Differentiating acceleration using constant of motion

[grav-universe]

Let's say we have an object falling through an accelerated field from r to s. I would say a gravitational field, as it is by the same process as gravity, but I will be applying a different constant of motion within the field.

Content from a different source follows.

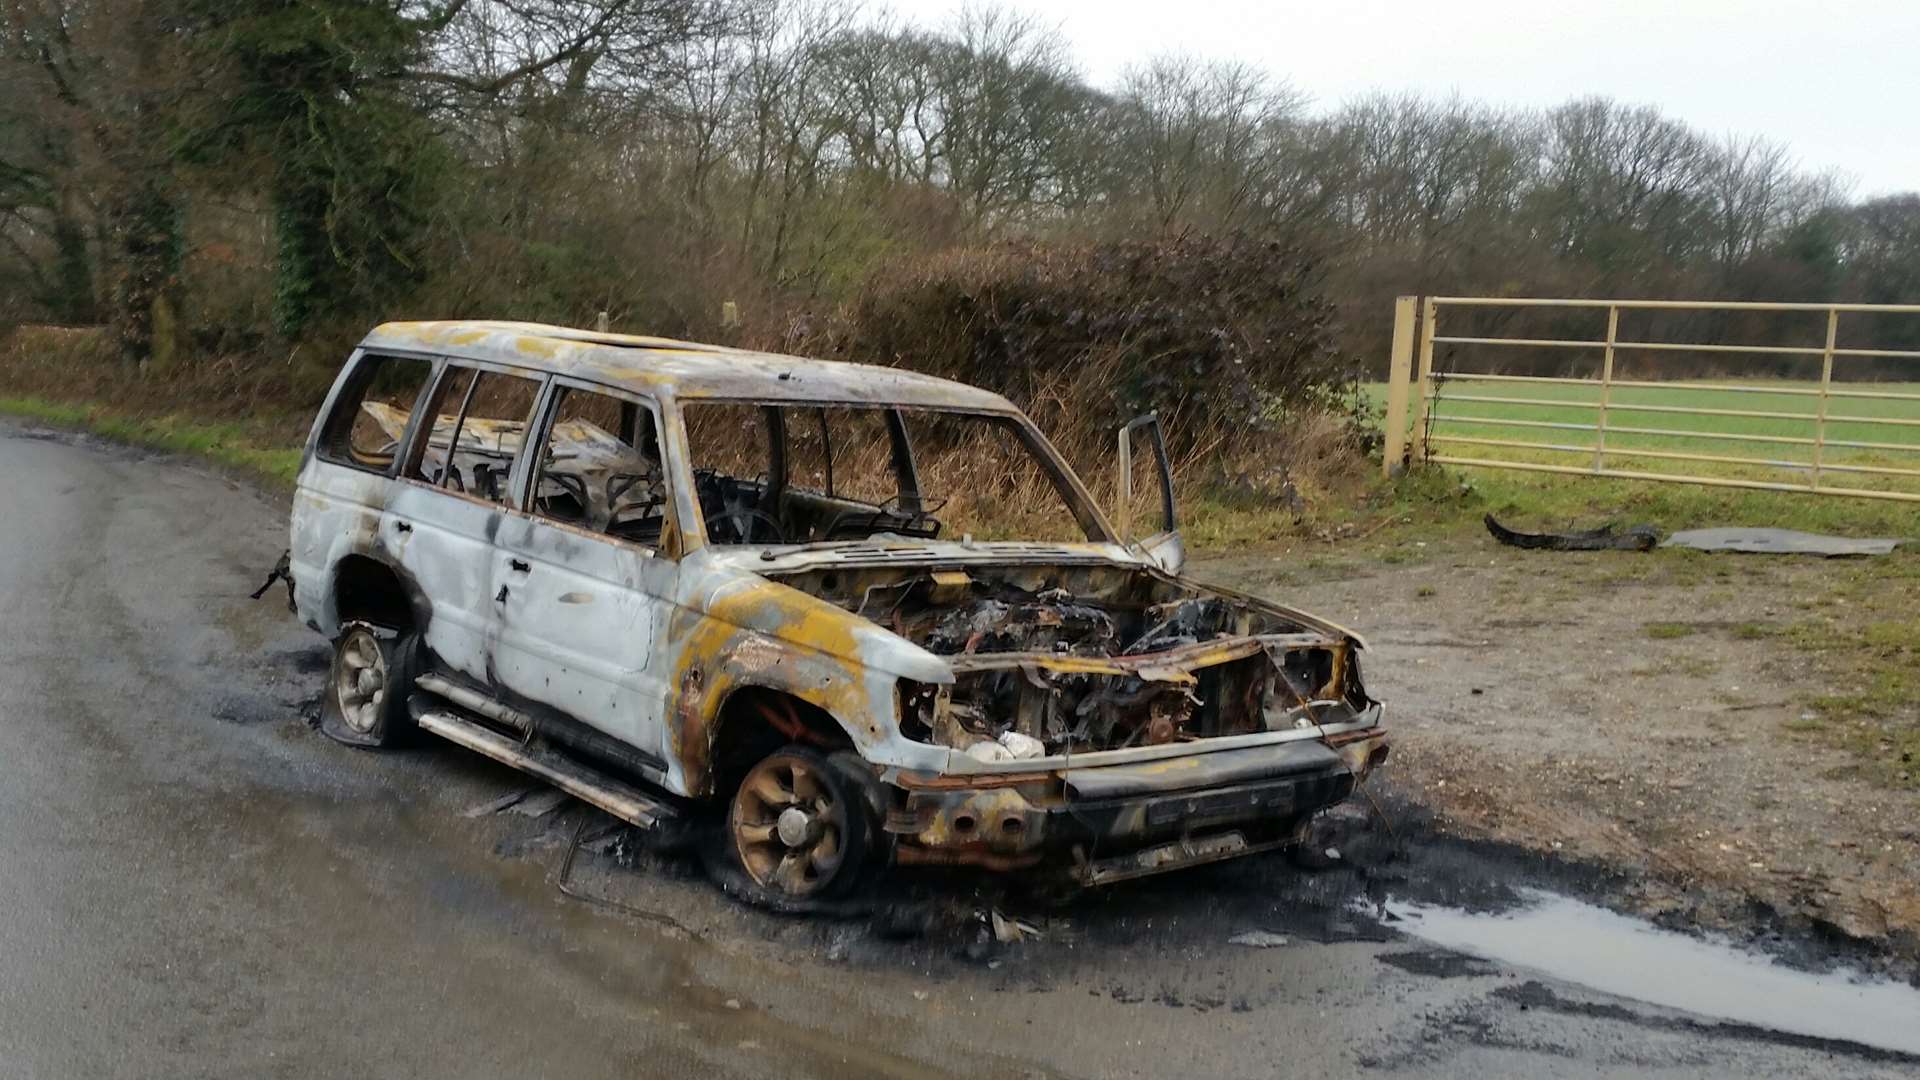 The burnt-out vehicle after the ram raid

If the constant of motion is something like (1 - b / r) = (1 - (v_r/c)^2), or (1 - b / r) / (1 - (v_r/c)^2) = K (constant for all r), where b is also constant, then the acceleration in terms of r can be found with

b / r = (v_r/c)^2, b / s = (v_s/c)^2

a = d(v^2) / (2 dr)

a = (v_s^2 - v_r^2) / (2 dr), where r - s = dr

a = c^2 (b / s - b / r) / (2 (r - s))

a = c^2 b (r - s) / (2 r s (r - s))

a = c^2 b / (2 r^2)

But what I want to know is how we would find the acceleration similarly to the above example with a constant of motion within an accelerated field of (1 - b / r) = (1 - v_r / c) / (1 + v_r / c) instead?

 

[jvicens]

I would first clarify the terminology being used in this scenario. In physics, an accelerated field typically refers to a field where objects experience a force that causes them to accelerate. In this case, it seems that the term "accelerated field" is being used to describe a field with a changing gravitational constant.

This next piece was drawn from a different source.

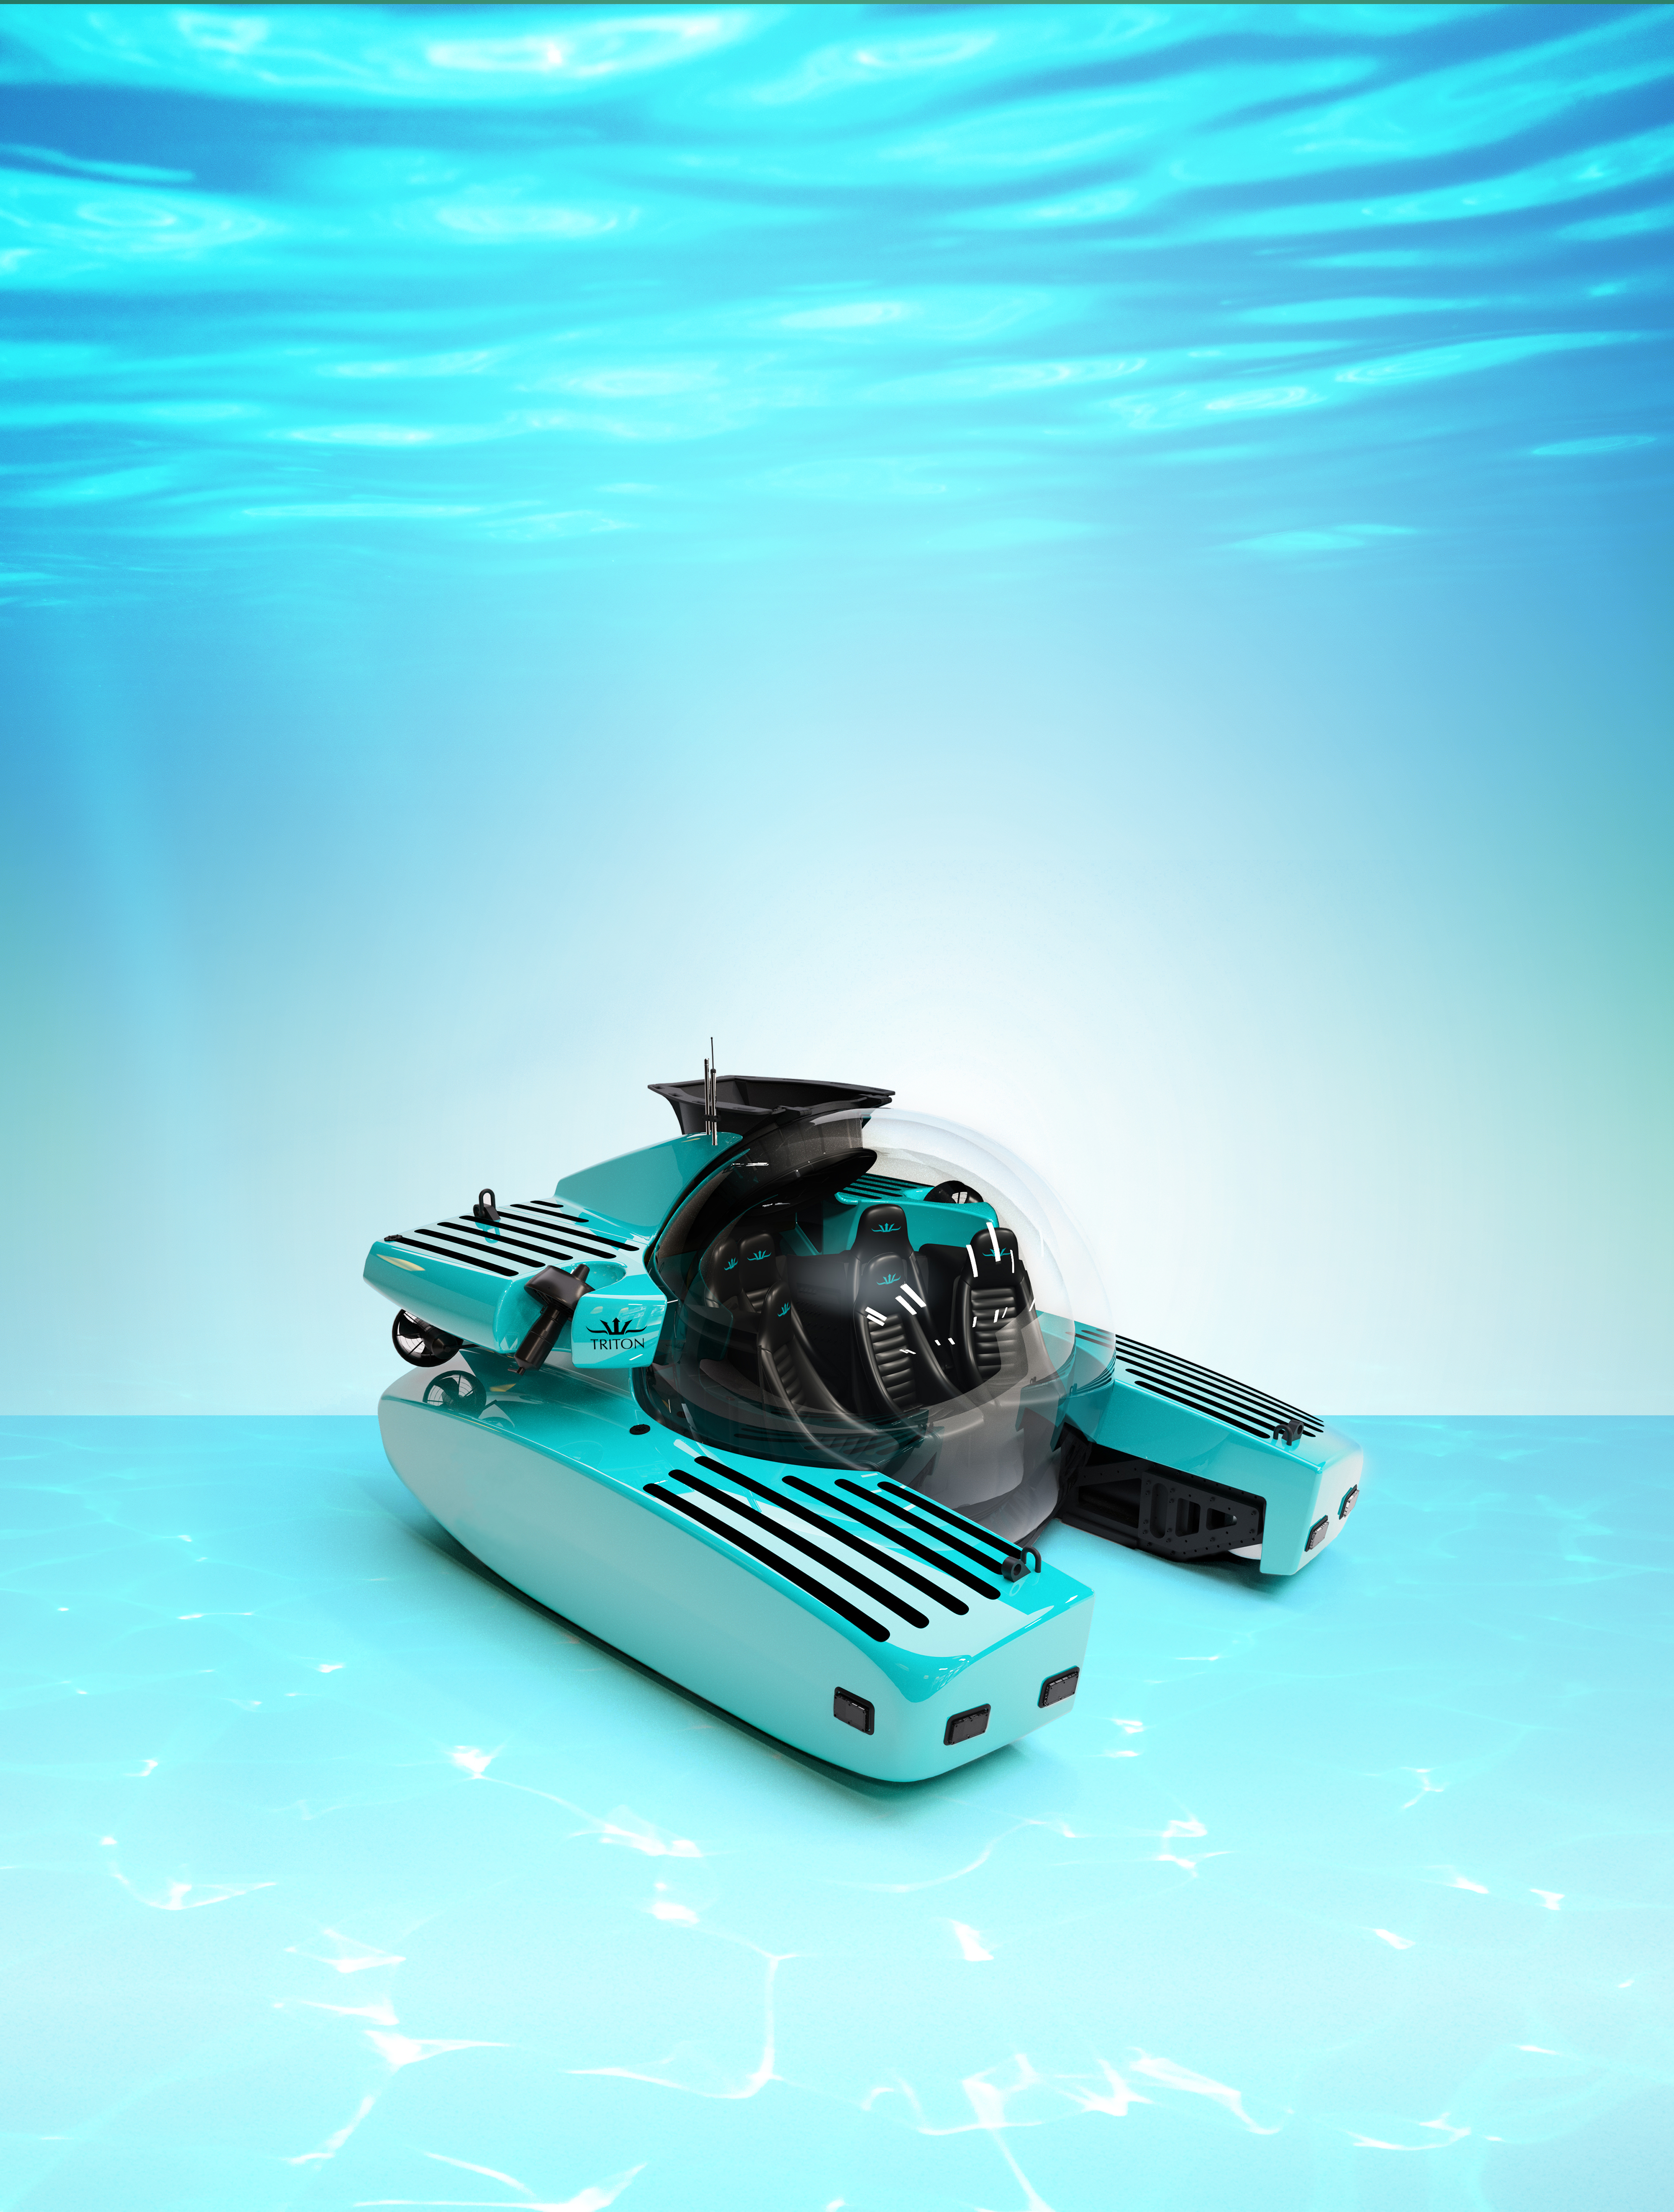 The first Triton 3300/6, a six-seat personal submarine, in Tiffany Blue. Photo: Nick Verola

In order to find the acceleration in this scenario, we would need to use the equations of motion in a changing gravitational field. This can be done by using the equation:

F = m (dv/dt) = m (d^2r/dt^2)

where F is the force, m is the mass of the object, v is the velocity, and r is the position.

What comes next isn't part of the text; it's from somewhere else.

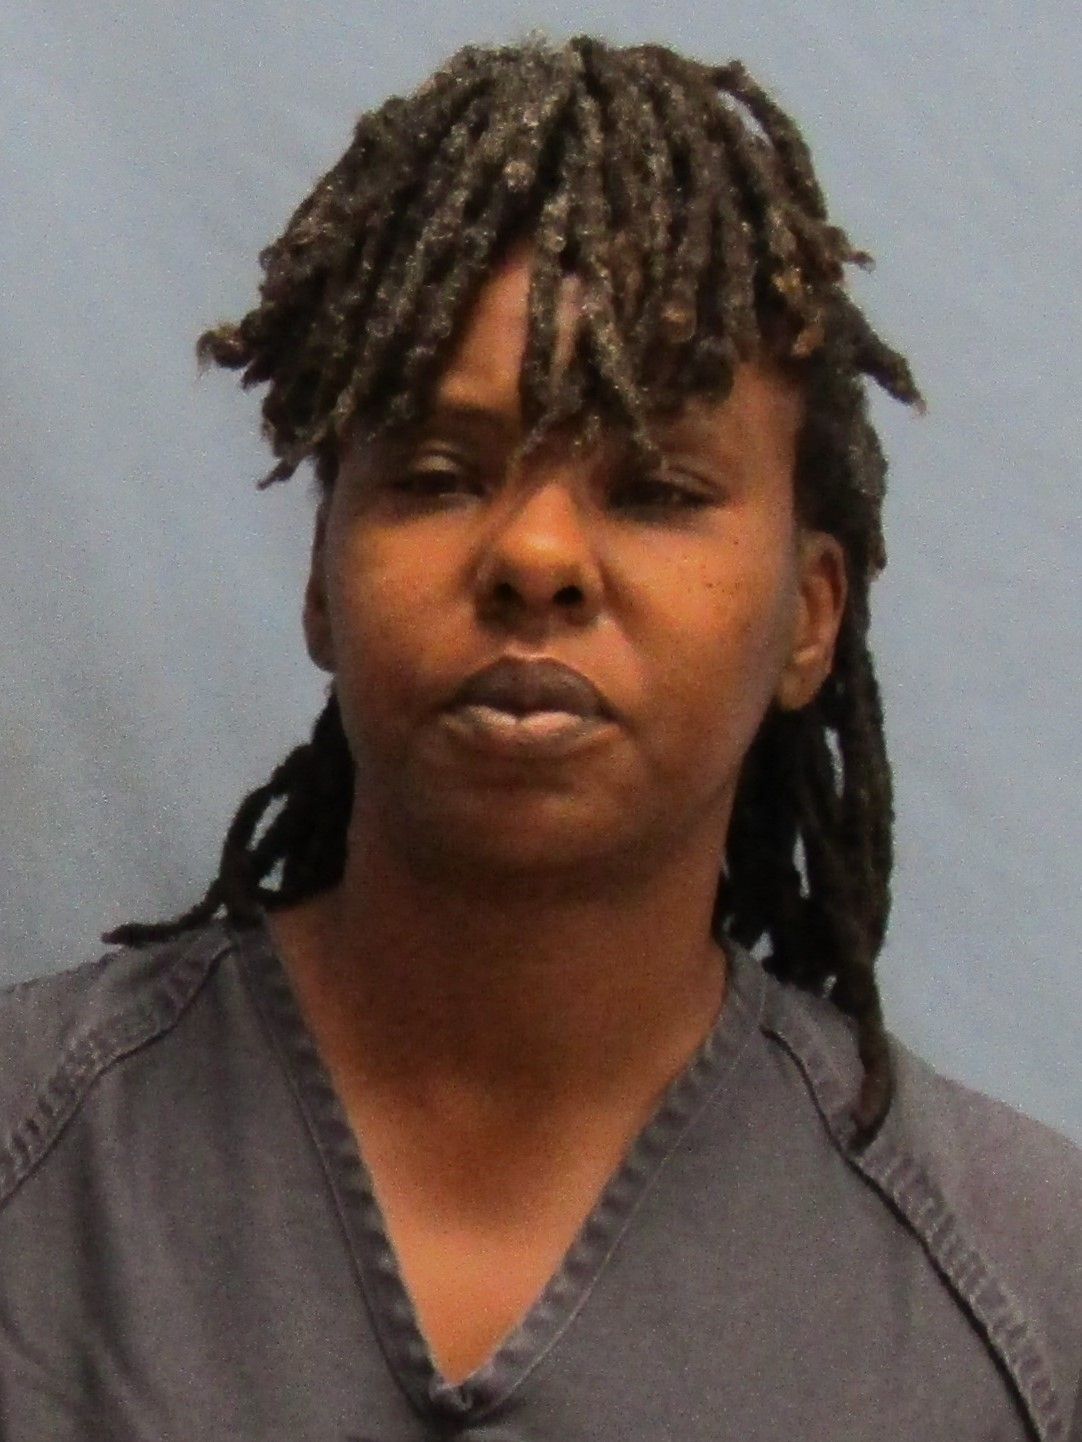 Oklahoma woman wanted on murder charge arrested in Arkansas

In this case, the force experienced by the object would be given by:

F = G (1 - b/r)^2 m_1 m_2 / r^2

where G is the gravitational constant, b is the constant in the changing gravitational field, and m_1 and m_2 are the masses of the object and the source of the gravitational field, respectively.

Using the equation F = m (d^2r/dt^2), we can then solve for the acceleration:

a = (d^2r/dt^2) = G (1 - b/r)^2 m_2 / r^2

We can then use the chain rule to express this acceleration in terms of r:

a = (dr/dt) (d^2r/dr^2) = v (dv/dr)

Finally, we can substitute in the expression for v (dv/dr) to get the acceleration in terms of r:

a = (d/dr) (v^2) = (d/dr) [(c^2 (1 - b/r)^2) / (1 - v_r/c)^2]

This expression can then be simplified and solved for the acceleration in terms of r. However, it is important to note that this is a simplified model and may not accurately reflect the true behavior of objects in a changing gravitational field. Further research and experimentation would be necessary to fully understand and accurately model this scenario.